1. Our AG’s office is apparently challenged when it comes to reading law.
2. Our MSM can’t figure out how to follow-up on a story even when Goldy spoon feeds ’em.
3. Lost is more lost than we had suspected. Why are you shooting 16 penny nails in to yourself? :-(
rhp6033 spews:
I’m not that surprised the local media hasn’t picked up on the story. It doesn’t involve any sensationalistic angles, cute pictures, drama, etc. Half of the story would be spent trying to explain to people why they should care how this issue is resolved, one way or another. TV doesn’t do this well at all, and lately the print media only seems able to do this AFTER it becomes a big problem.
Steve spews:
@14 “McKenna’s response to the Florida case was that he had to make a quick decision and things were moving fast”

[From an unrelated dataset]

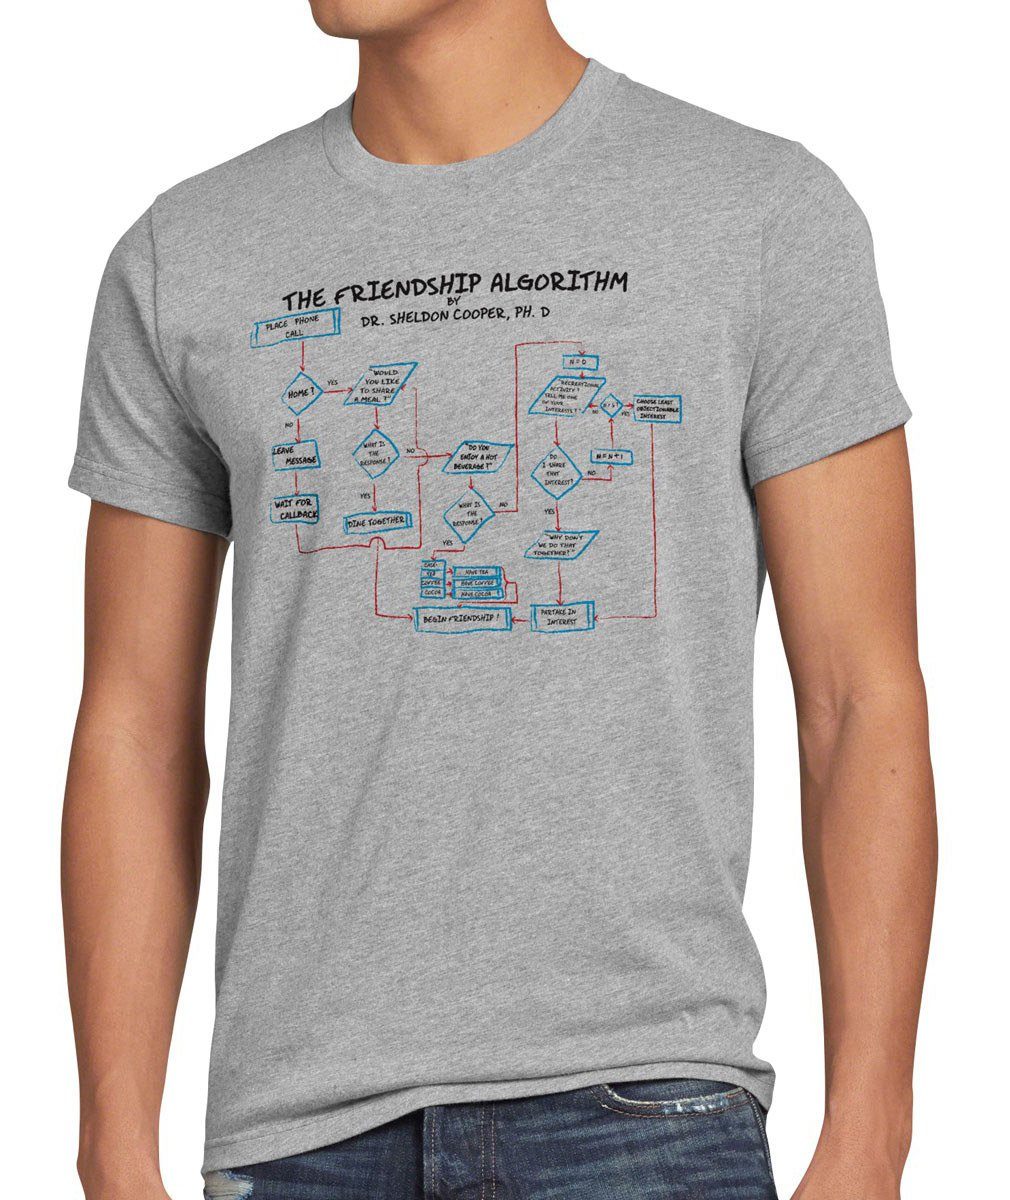 grau Big Bang Herren Cooper Algorithm T-Shirt meliert Friendship Print-Shirt style3 Freundschaft Formel Sheldon Theory
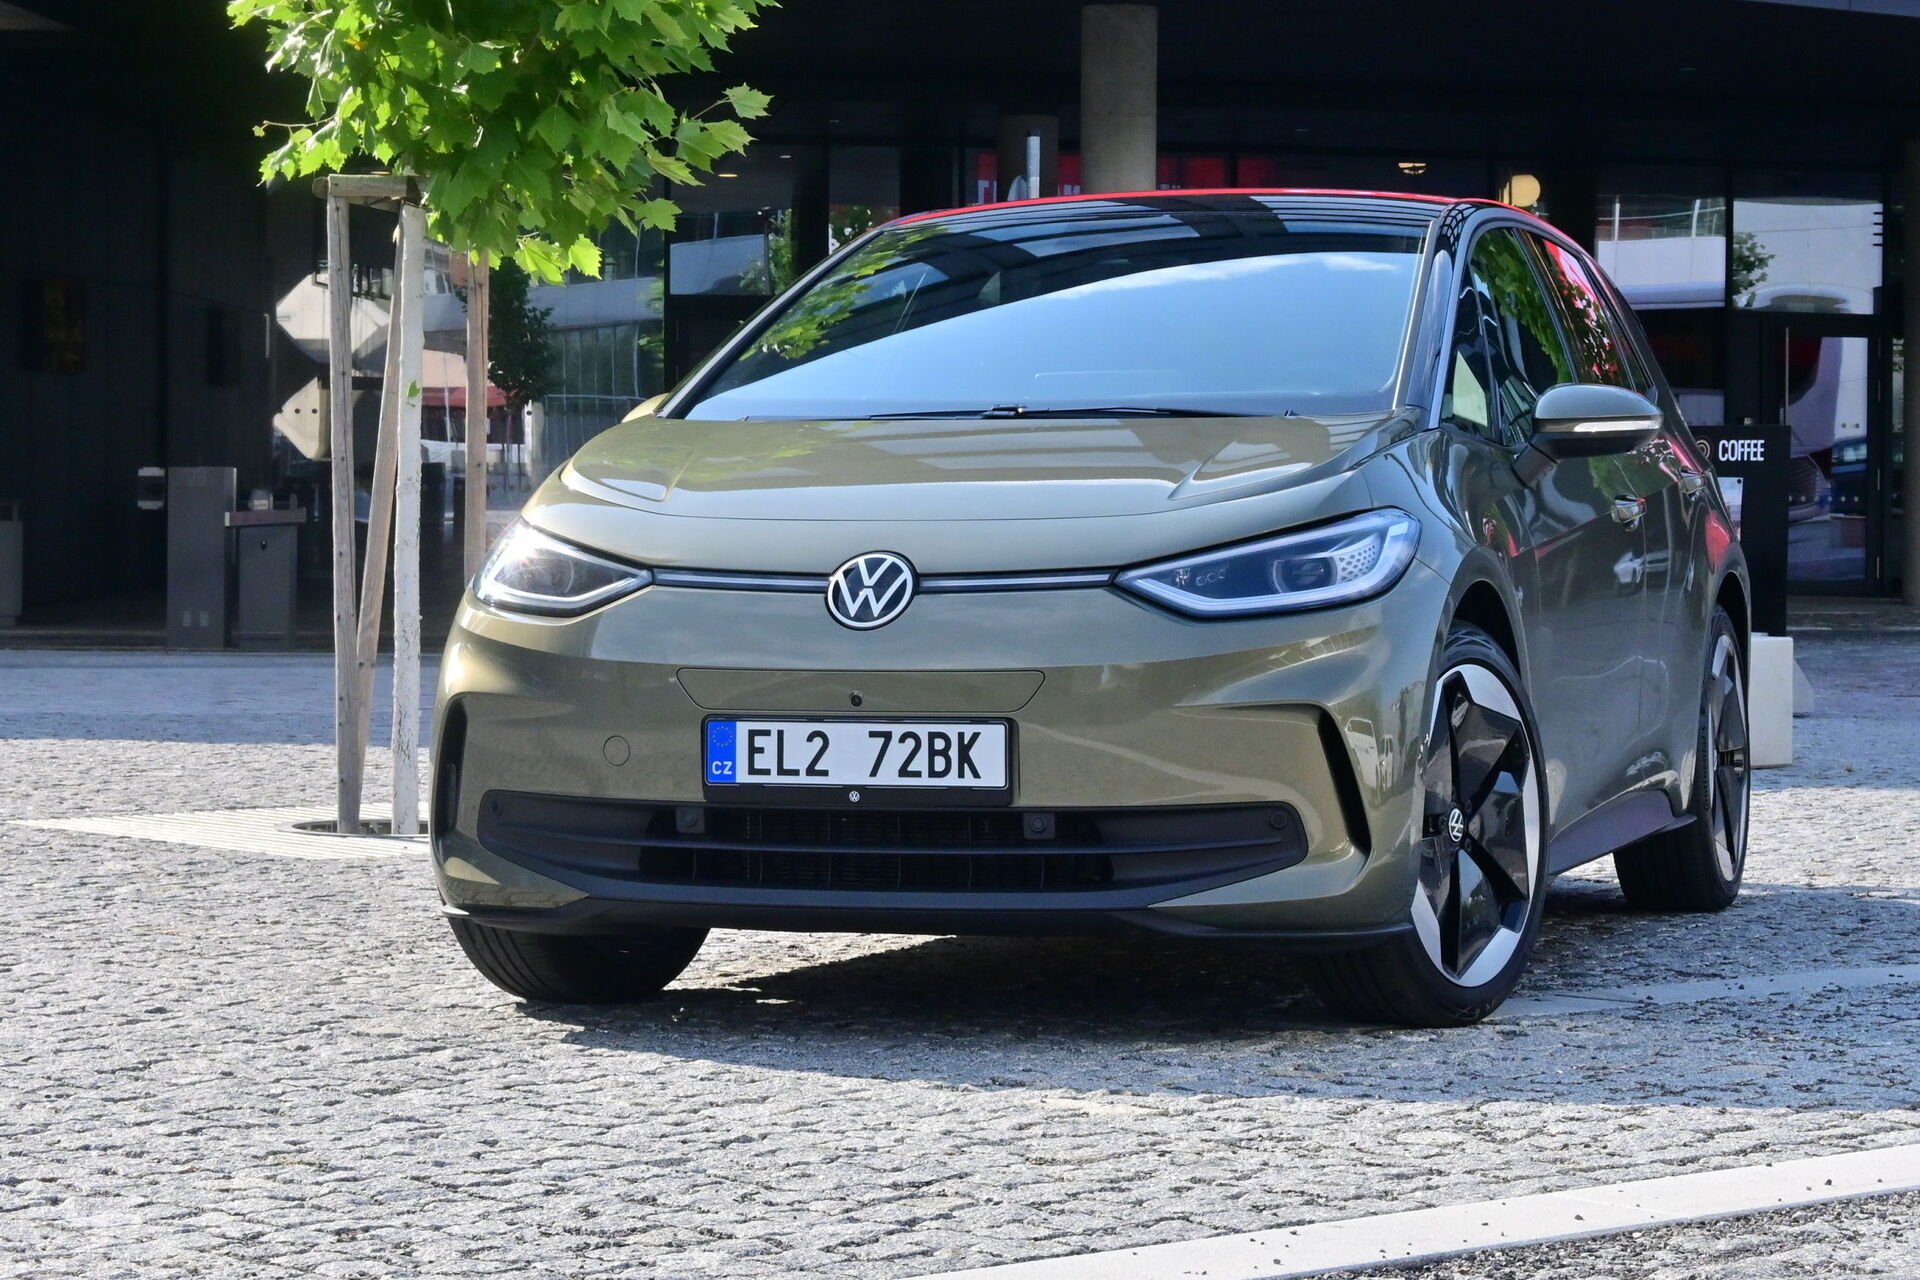 Volkswagen ID.3 facelift (2023)

Time was indeed a wastin’. He had to move fast in order to bag the teabaggers. And a smooth move it was. As Rossi found out this last weekend, this isn’t the Republican Party that even he once knew. It now belongs to the teabaggers. It’s a KLOWN show now. Between McKenna and Didier’s solidly staked claim to teh krazies, I suggest that Rossi’s political career is fucked and will soon be over.
N in Seattle spews:
Since the federal courts don’t decide on cases until there are actual damages, and since the provisions that McKenna and McCollum are so hot about don’t even go into effect — much less “damage” anyone — until 2014, what was the rush?
Yep, the rush to bait dumb Dino into running for Senate, thereby clearing him out of Rob’s path for 2012.